When it comes to value for money, Wirra Wirra's Church Block red blend is among Australia's leading contenders vintage after vintage. 

With an RRP of $$22, and often found cheaper on discount, Church Block is a poster child for affordable, easy-drinking reds. 

It was the first wine the late Greg Trott produced under the Wirra Wirra label back in 1972. 

He took the name from one of the original vineyards, which runs next to the small Bethany Church (circa 1854) across the road from Wirra Wirra's century old ironstone cellars in McLaren Vale. 

The 2018 Church Block - to be released any day now - is a classic blend of cabernet sauvignon, shiraz and merlot that takes two months of tasting, classifying and blending to be transferred from barrel to bottle. 

"It is quite a complex operation," says Wirra Wirra winemaker Paul Smith (below), who has been making Church Block since 2007.

"We not only have to consider the role each variety plays in the wine from the many parcels of cabernet sauvignon and shiraz in barrel, but also the style differences that come from the specific vineyards and underlying sub-regions in McLaren Vale."

There is no template for Wirra Wirra Church Block. It is up to the winemaking team to come up with the right balance. 

"There is no recipe," says Smith. "we work with what the harvest provided and that vintage variation is part of Church Block's appeal. 

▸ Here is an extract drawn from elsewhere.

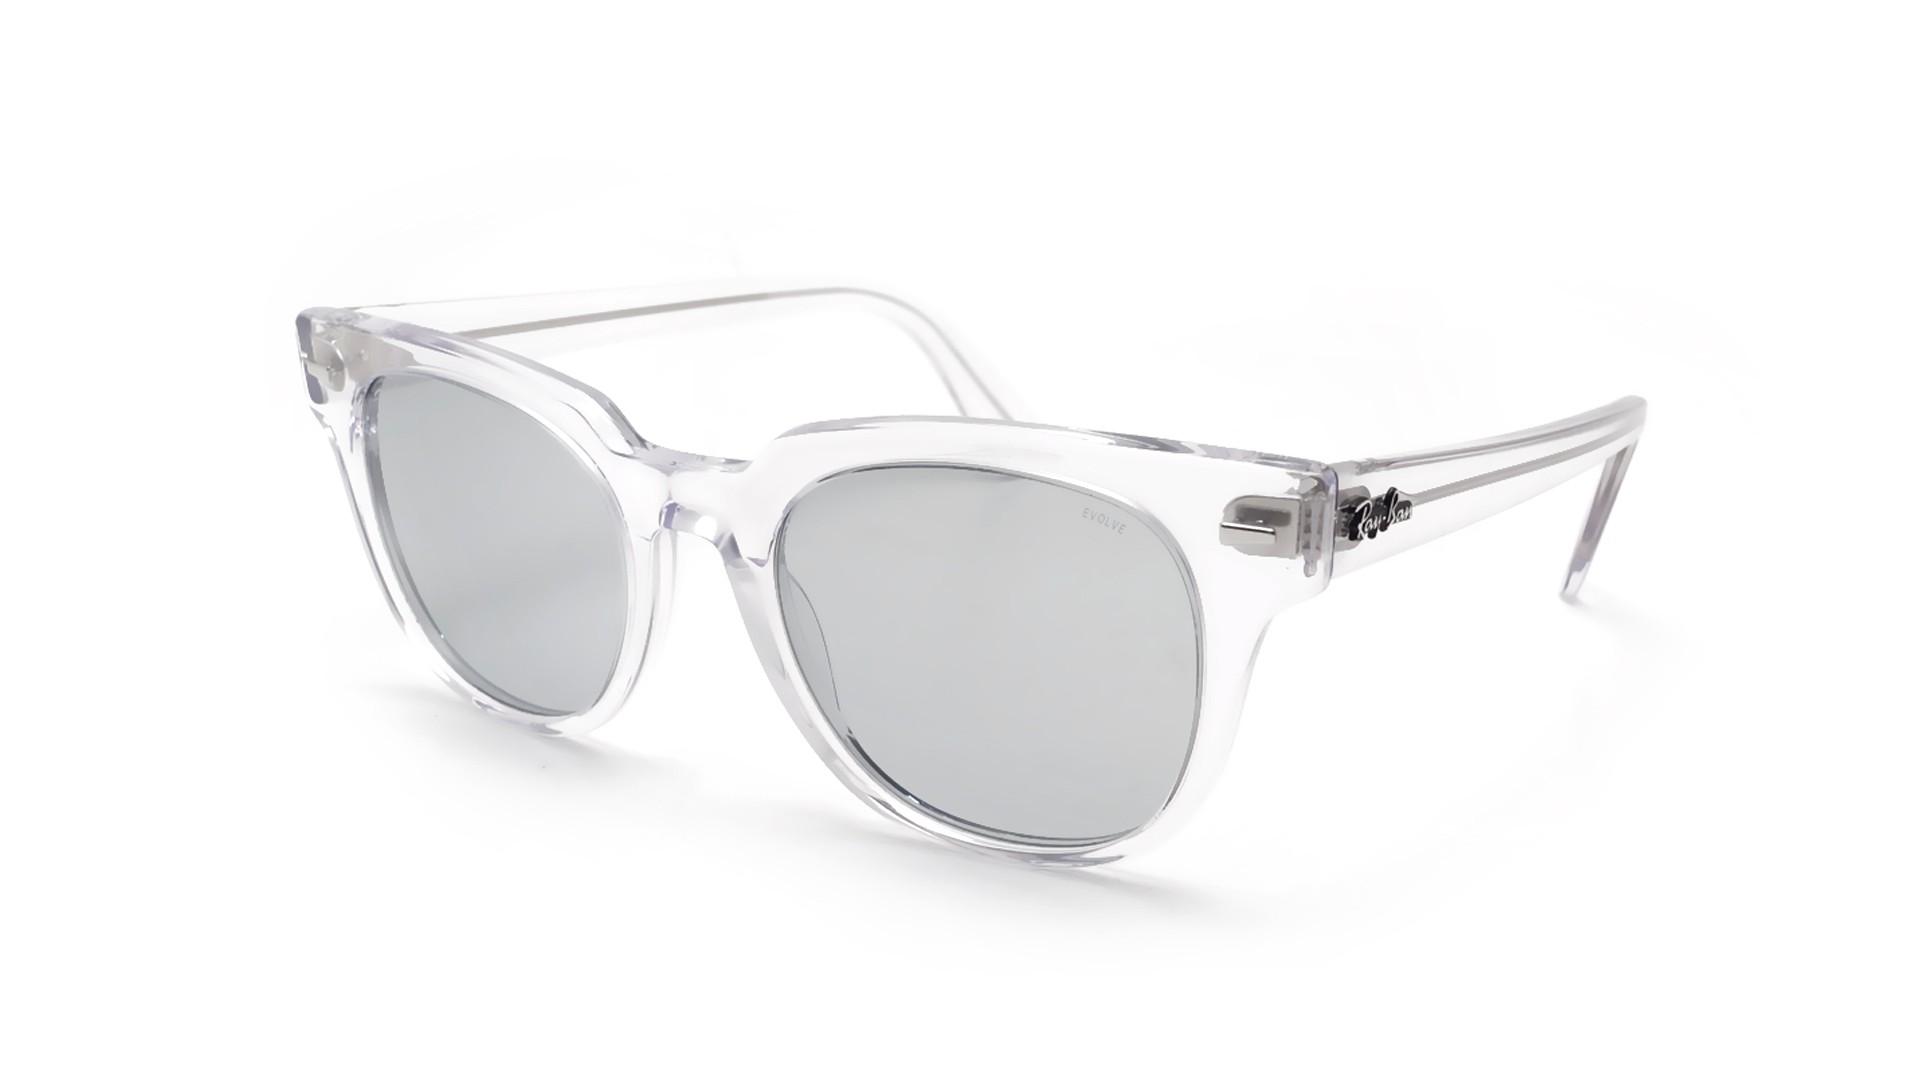 4a4928872f41 Sunglasses Ray-Ban Meteor Evolve RB2168 912 I5 50-20 Medium Photochromic

Smith has the luxury of being able to call on small parcels of fruit that just miss the cutoff for Wirra Wirra's flagship wines. 

"We have vineyards that form the core of the wine each year but there will also be parcels originally earmarked for our reserve wines that find their way into the final blend," Smith says. "They can make a significant difference to the quality." 

The 2018 breakdown is 51% cabernet sauvignon, 38% shiraz and 11% merlot. - all from a very good vintage. This is a Bryan Brown wine: rambunctious but carelessly stylish.

Plush, assertive and with quintessentially Australian ripe fruit, it is well worth 93/100 - a high mark for a sub $25 wine.